The CIA has decided to cut its contractor workforce by 10 percent, the Washington Post reports today. The agency also has implemented a rule barring employees from going to work for contractors serving the CIA within 18 months of leaving the agency. "Over the past three years or so, a fairly significant number of those individuals who resigned -- not retired, but resigned -- from CIA end up coming back as contractors within a short period of time," said CIA Associate Deputy Director Michael Morell. "We want to decrease the number of people who do that."

Apparently, with all the hiring the agency's been doing lately, the CIA figures it can get more of its work done in-house. This represents a pretty big shift from the agency's post-9/11 thinking. As recently as May 2005, Shane Harris was writing the following in Government Executive about the CIA's then-burgeoning efforts to outsource intelligence collection and analysis:

John Negroponte, the new director of national intelligence, might end up presiding over a network of official agencies and outside analysts. A former CIA analyst and manager says the need to do so couldn't be more pressing. He notes that President Bush has ordered a 50 percent increase in the CIA's analyst workforce as soon as possible. "The only way to do that," he says, "is to outsource."

Update: My colleague Anne Laurent reminds me that I foolishly overlooked Shane Harris' much more recent look at contractors and the CIA's human capital crisis, from the May 1, 2007 issue of the magazine. Key quote from that piece:

In the nearly six years since Sept. 11, the CIA and other agencies haven't wanted for applicants; there are more people who want jobs than there are billets. But training employees takes years. To fill the gap in the meantime, during wartime, the agencies have hired contractors in record numbers. The agencies have outsourced some of the most sensitive functions, including analysis, spying on foreign adversaries, prisoner interrogation and translation services.

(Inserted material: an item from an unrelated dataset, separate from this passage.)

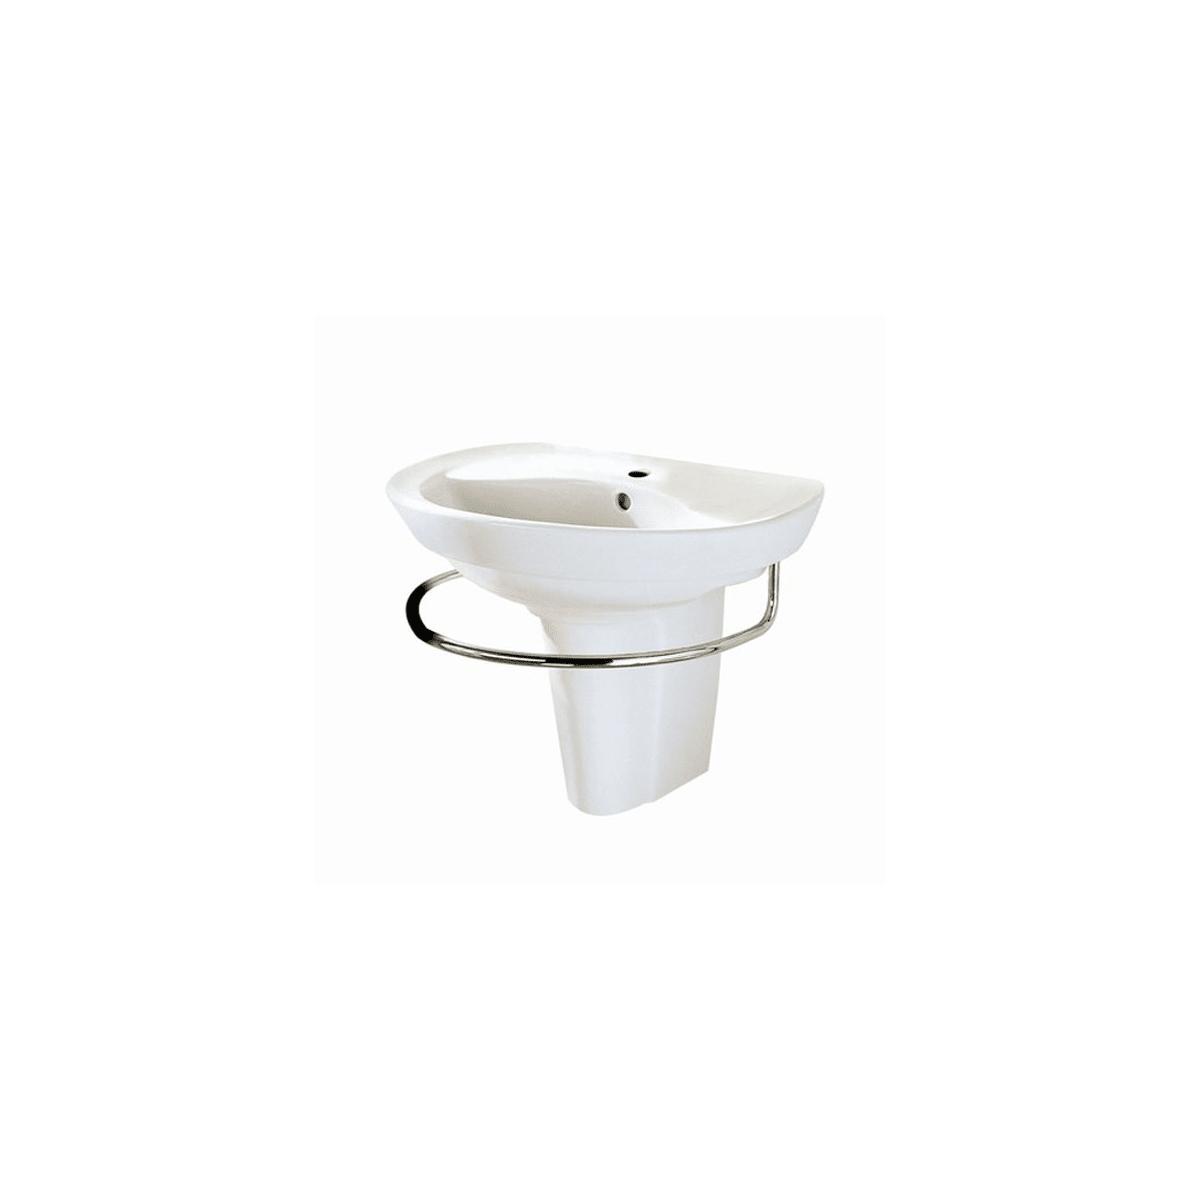 American Standard Lavatory Sink   www.topsimages.com

The outsourcing could be temporary, assuming intelligence agencies eventually replenish their personnel stocks. Except that the agencies actually are competing with the contractors for workers. According to the five-year strategic human capital plan at the Office of the Director of National Intelligence, "those same contractors recruit our employees, already cleared and trained at government expense, and then 'lease' them back to us at considerably greater expense."